Pour l’ASN, les réacteurs français sont bons. Même si les opérateurs nucléaires, EDF en tête, vont devoir dépenser des milliards pour rendre les centrales encore plus robustes.

Aujourd’hui, c’est à la lumière du drame de Fukushima que Greenpeace demande à ce que la sûreté soit encore améliorée. Notamment en ne négligeant aucun risque, ni aucun élément aggravant. 
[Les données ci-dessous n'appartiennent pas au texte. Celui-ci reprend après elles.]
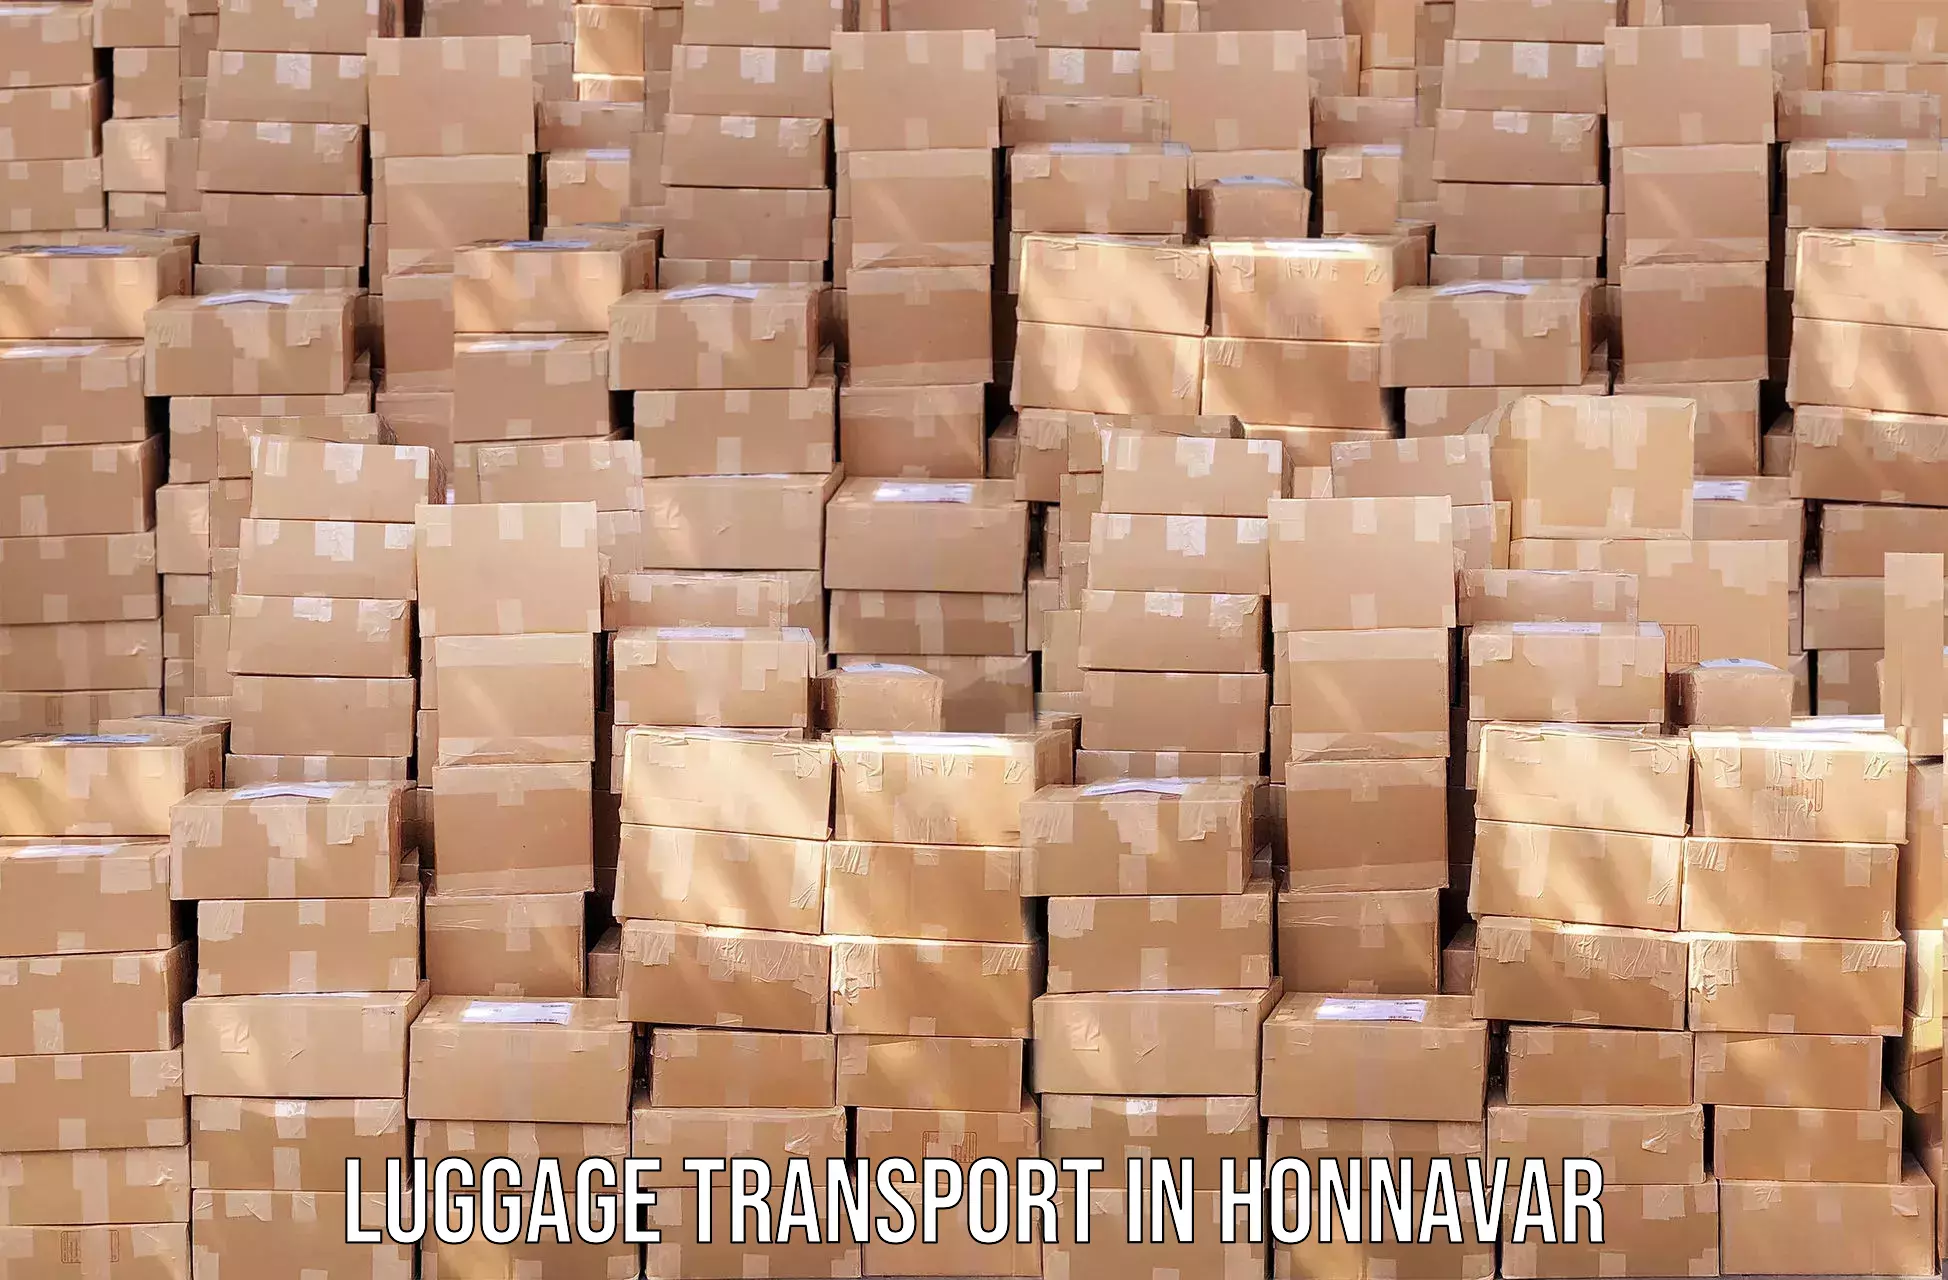 Luggage transport guidelines in Honnavar
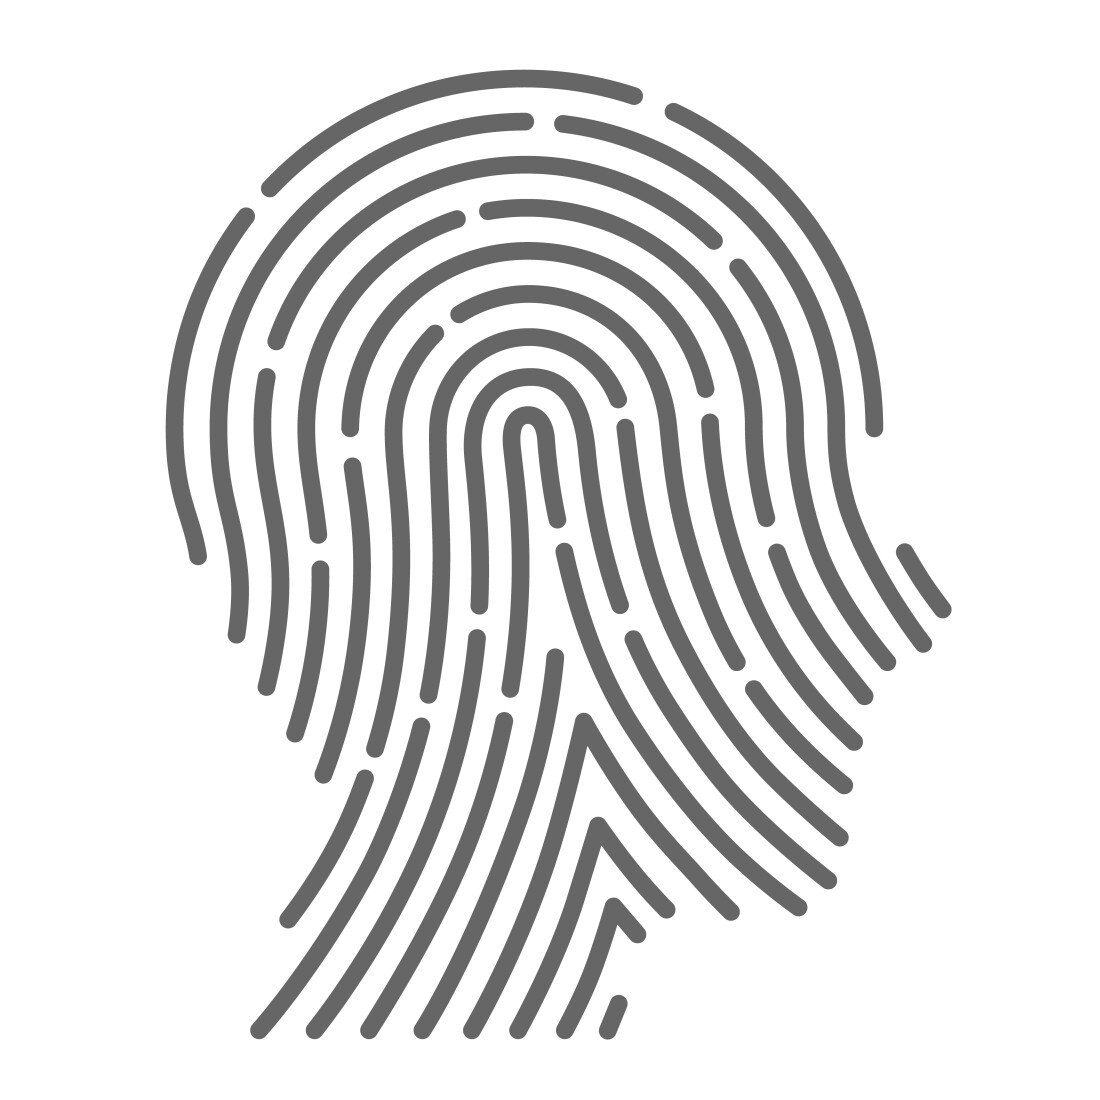 Fingerprint shaped like the profile of a head

L'organisation écologiste passe donc au crible les rapports d’EDF sur les centrales nucléaires de Gravelines, Civaux, Flamanville et du projet d'EPR, celui d'Areva sur le centre de traitement des déchets de La Hague. Il examine aussi le rapport de l'Institut de radioprotection et de sûreté nucléaire (IRSN) sur l’ensemble du parc français.

Vers une meilleure gestion des risques d’agression

Si l’organisation non gouvernementale reconnaît quelques "points forts", elle ne manque pas de souligner les limites et les lacunes de ces rapports. Elles concernent principalement les risques d’agression et le vieillissement des centrales. Les ECS "devraient être révisés selon un cahier des charges plus complet qui inclut les agressions internes et externes",

En effet, selon les experts mandatés par Greenpeace, le "tableau des déclencheurs et aggravations possibles des situations actuelles n’est pas complet". De plus, EDF, Areva et l’IRSN ne semblent pas intégrer les facteurs "susceptibles de rendre plus difficiles la gestion d’un accident, notamment la contamination sur le site".

Le vieillissement des centrales en ligne de mire

"Le vieillissement et l’usure des différents dispositifs participant à la sûreté réduisent régulièrement les marges de sûreté réputées acquises à la conception et à la construction", soulignent Arjun Makhijani et Yves Marignac.

Ils rappellent également que les réacteurs ont été conçus pour fonctionner 30 au minimum, et 40 ans au maximum. Et "aucun renforcement ne semble à même de repousser les limites imposées par le vieillissement".